北京大学法学院院长朱苏力教授写了一篇《社会主义法治理念与资本主义法治思想的比较》,提出了社会主义法治理念(idea)。同是北京大学法学院教授的龚刃韧写了一篇批评文章《 宁要社会主义的草,不要资本主义的苗?》,论战的意味非常浓。从文章名来看, 朱苏力的好像是一篇论文,但实际上不过是一个讲稿,一篇政论文章,算不上是学术论文。龚刃韧的文章名来自 “文化大革命”时期流行的口号“宁要社会主义的草,不要资本主义的苗”,有点戏谑的口吻,却是一篇真正的学术论文。到底朱苏力的观点正确还是龚刃韧的观点正确?朱苏力的观点“政治”正确,因为社会主义法治理念已经钦定进课堂了,而龚刃韧的观点却得到法学界“私下”普遍认同。初略说,朱苏力的观点主要强调法治的“中国国情”,而龚刃韧则力挺法治的“国际社会共识”,在龚刃韧看来,朱苏力的观点是 “宁要社会主义的草,不要资本主义的苗”,而他的观点,如果我没有理解错的话,就是,“宁要资本主义的苗,不要社会主义的草”。 本文不想将笔墨放在他们的论点和论证上,而仅仅对 “宁要社会主义的草,不要资本主义的苗” 做一语义 分析。 维特根斯坦指出:哲学研究就是概念研究。“形而上学的根本之处在于没弄清楚事实研究和概念研究的区别。形而上学问题总带有事实问题的外表,尽管那原本是概念问题。”因此,哲学剩余的唯一工作就是语义分析。我不知道 “宁要社会主义的草,不要资本主义的苗” 算不算一个哲学问题,因为对于“什么是哲学问题”也是仁者见仁,智者见智的,我暂且把它作为一个哲学问题来对待。

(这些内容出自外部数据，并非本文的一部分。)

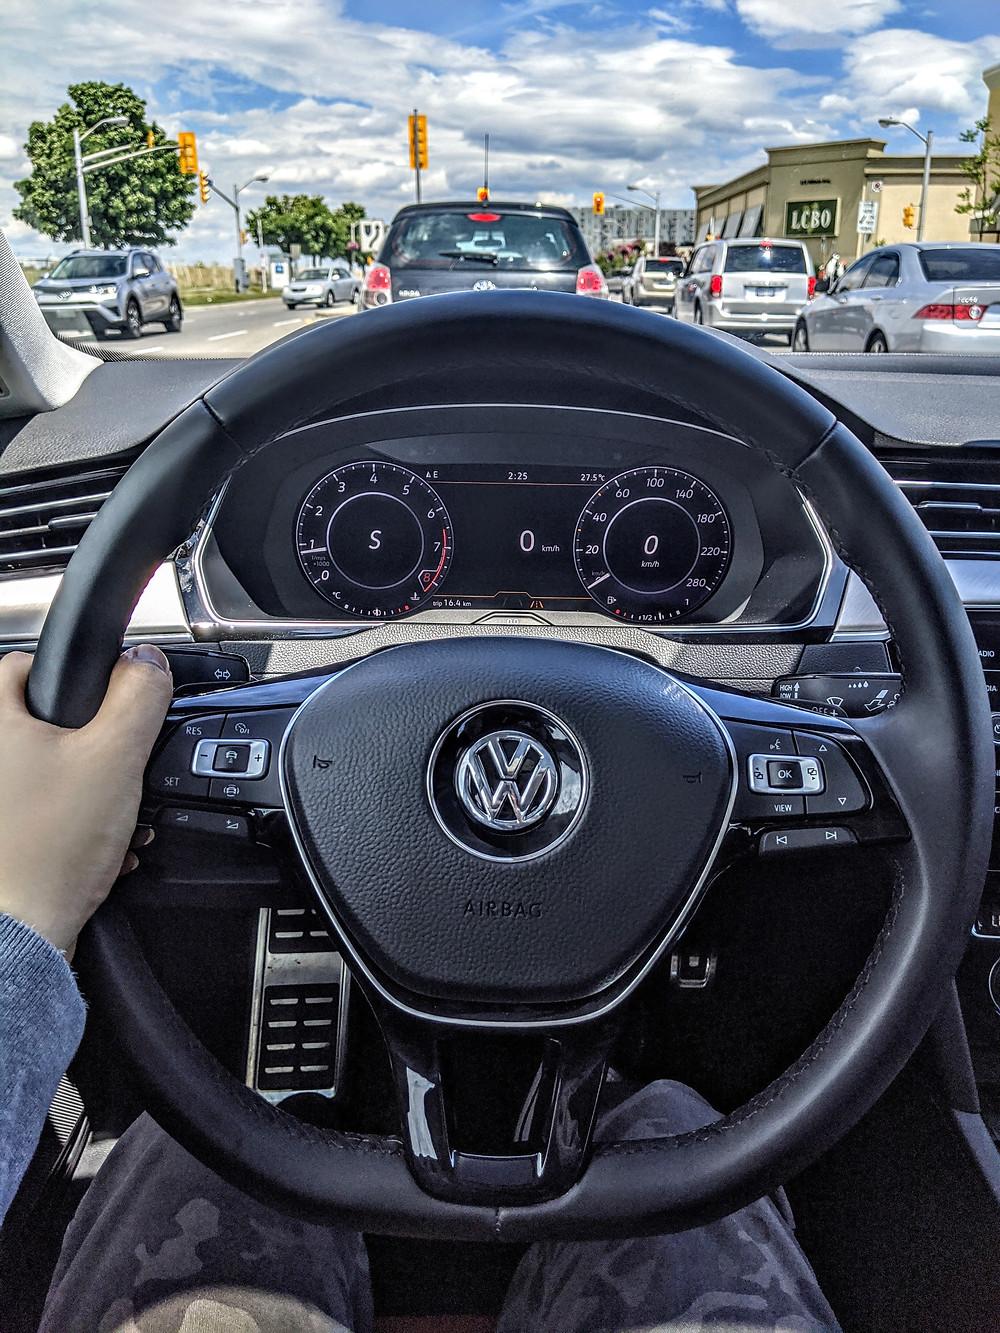 Volkswagen Arteon Behind The Wheel POV Interior

要理解 “宁要社会主义的草,不要资本主义的苗”的真正内涵,我们可以把它们分成层层递进的四个句子。

首先是“要……,不要……”。我们很容易理解,就是选择什么和不选择什么。我们说“要社会主义,不要资本主义”,“要法治,不要人治”,恐怕没有人会对此大动干戈。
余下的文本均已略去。